Supplied information —
--- --- ---

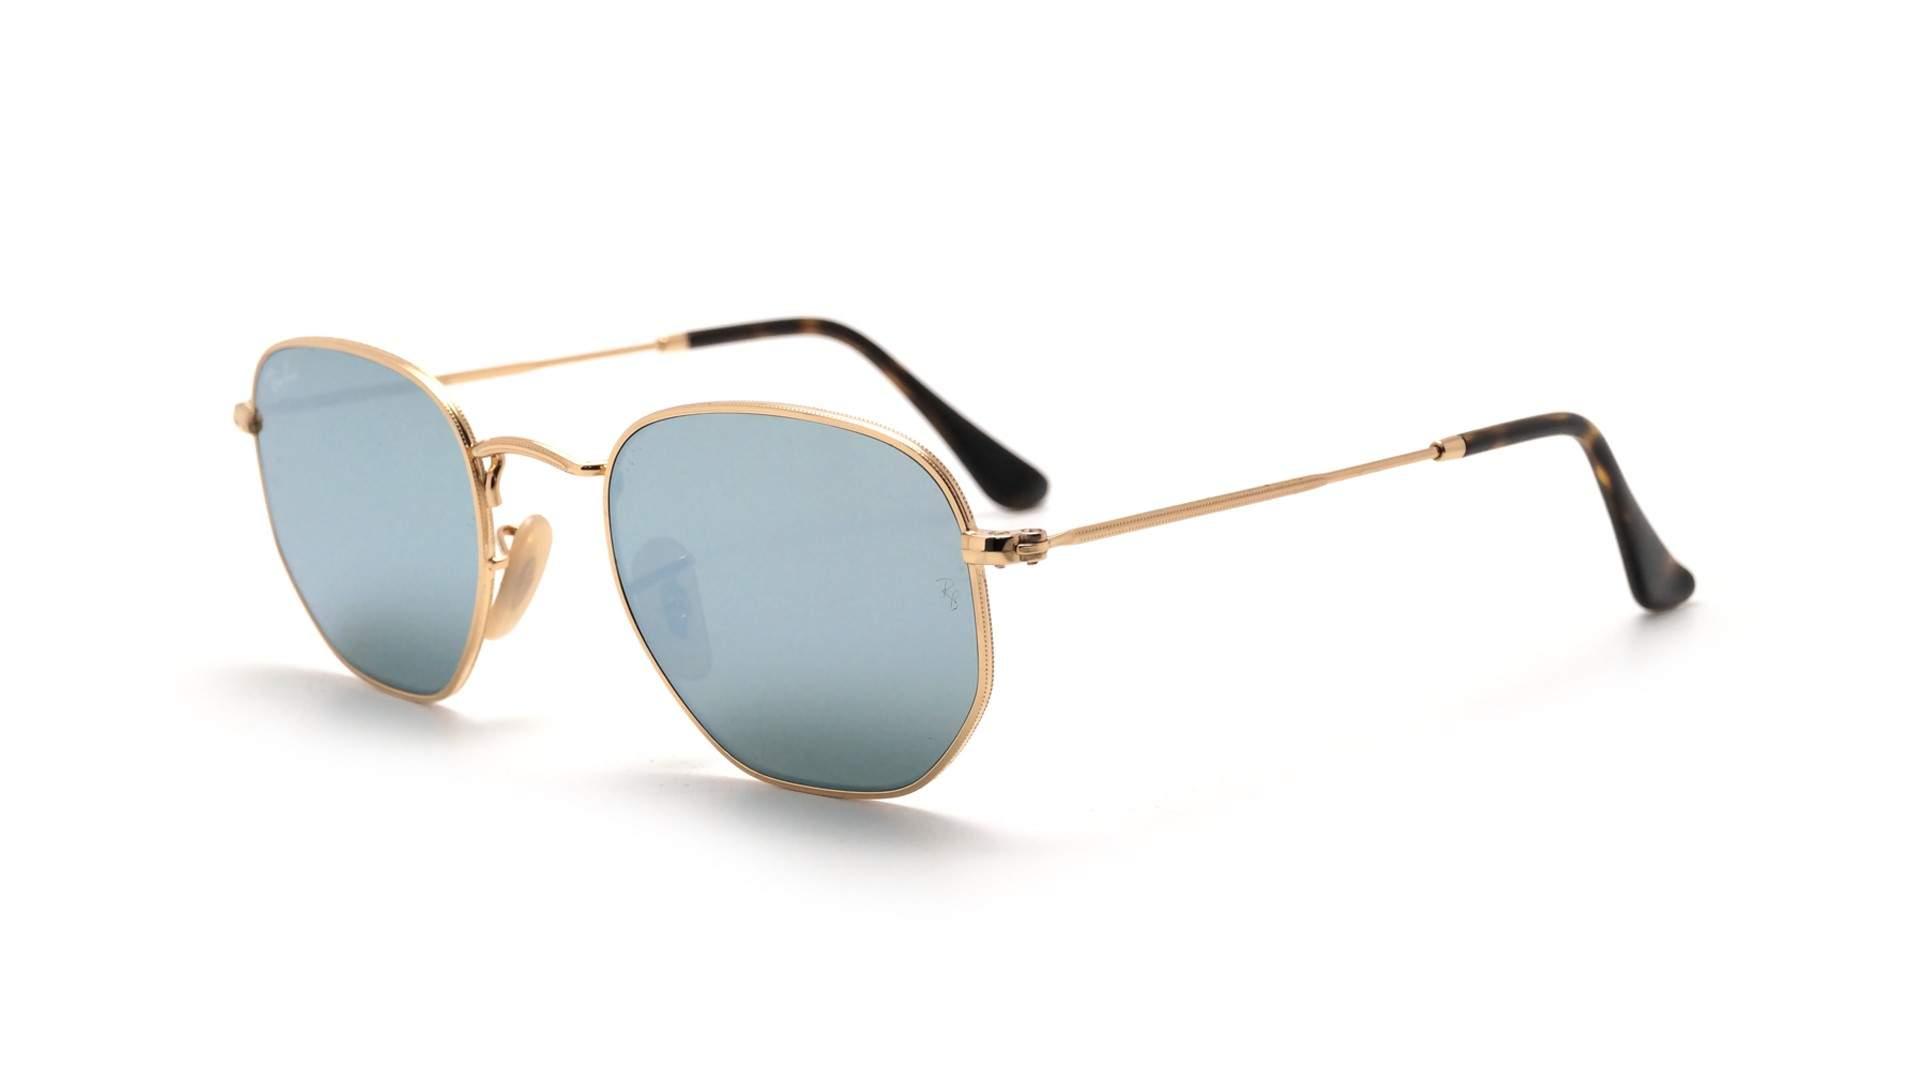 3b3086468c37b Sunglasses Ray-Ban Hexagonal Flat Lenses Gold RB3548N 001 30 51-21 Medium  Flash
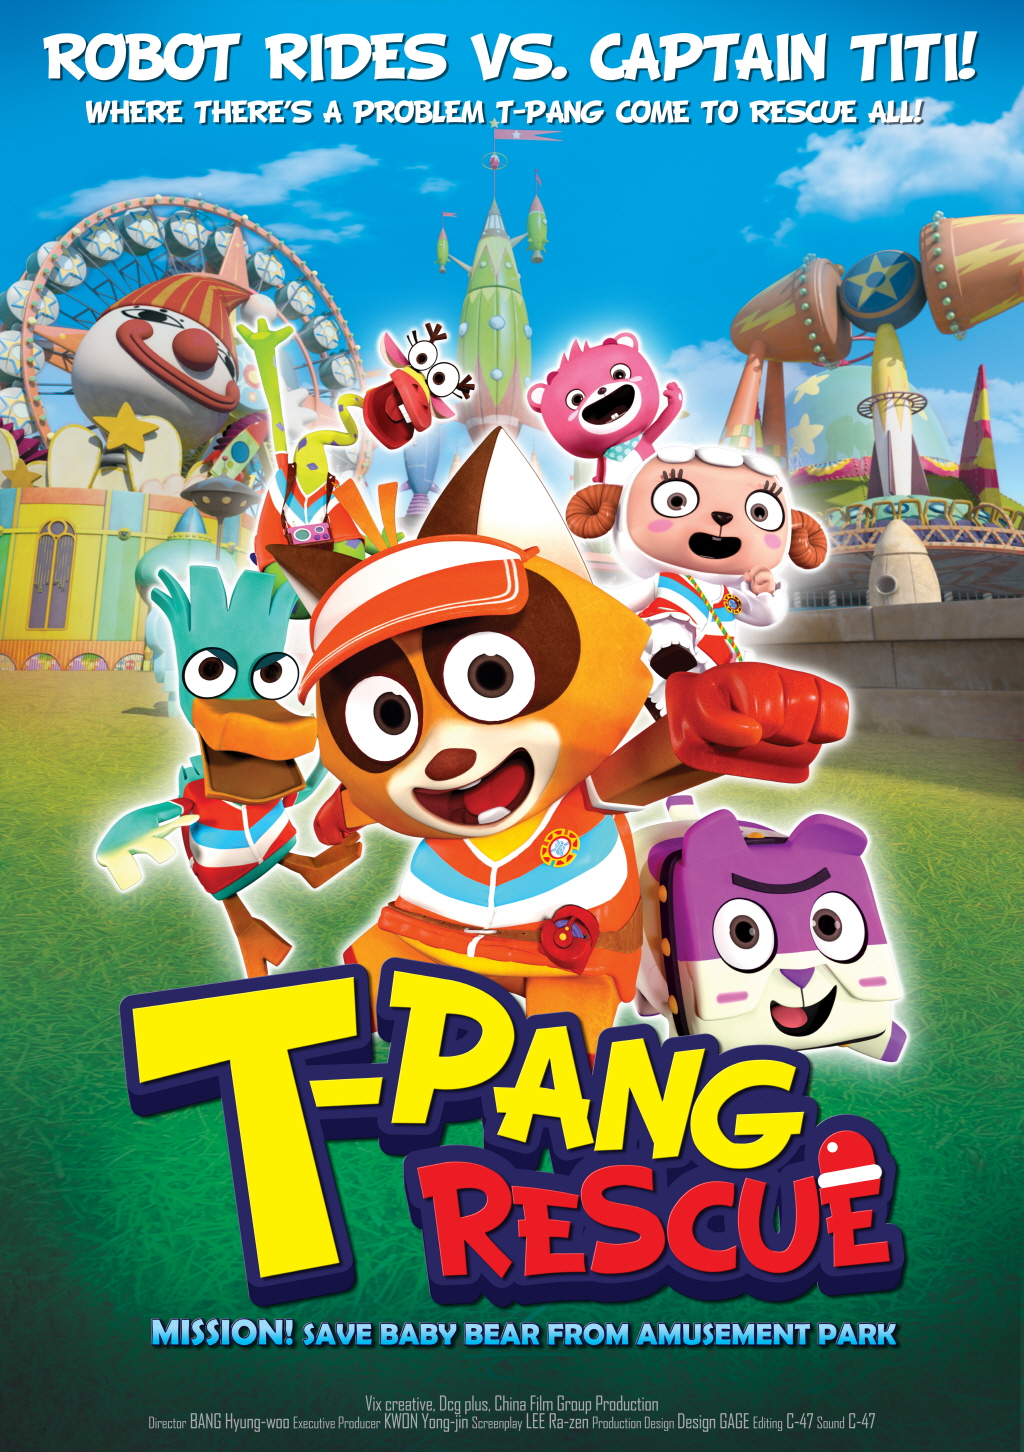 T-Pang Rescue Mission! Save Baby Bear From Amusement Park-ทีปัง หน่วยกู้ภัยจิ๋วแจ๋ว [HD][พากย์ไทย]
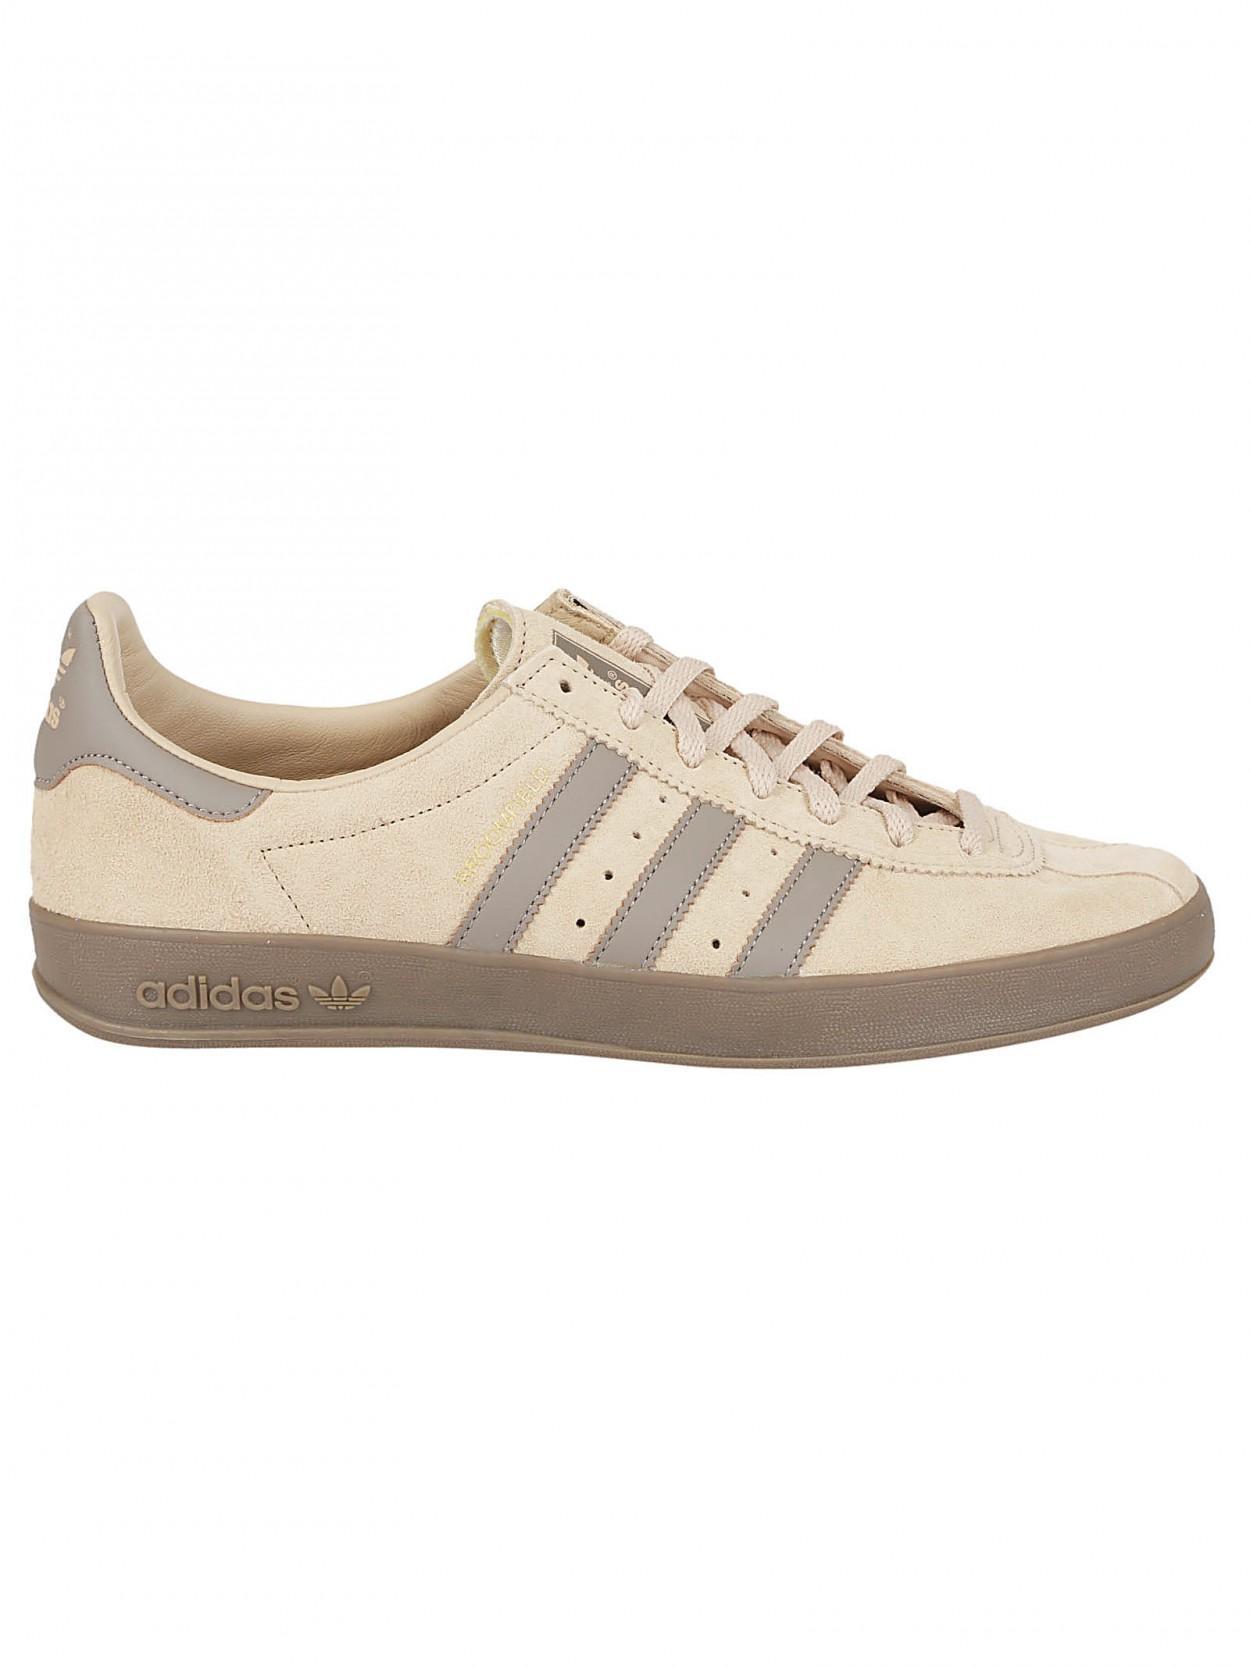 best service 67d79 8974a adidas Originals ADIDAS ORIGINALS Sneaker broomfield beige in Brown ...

--- --- ---

Work to complete —
Give back the material word for word, leaving out its pictures.

Output of the exercise —
 3b3086468c37b Sunglasses Ray-Ban Hexagonal Flat Lenses Gold RB3548N 001 30 51-21 Medium  Flash
 T-Pang Rescue Mission! Save Baby Bear From Amusement Park-ทีปัง หน่วยกู้ภัยจิ๋วแจ๋ว [HD][พากย์ไทย]
 best service 67d79 8974a adidas Originals ADIDAS ORIGINALS Sneaker broomfield beige in Brown ...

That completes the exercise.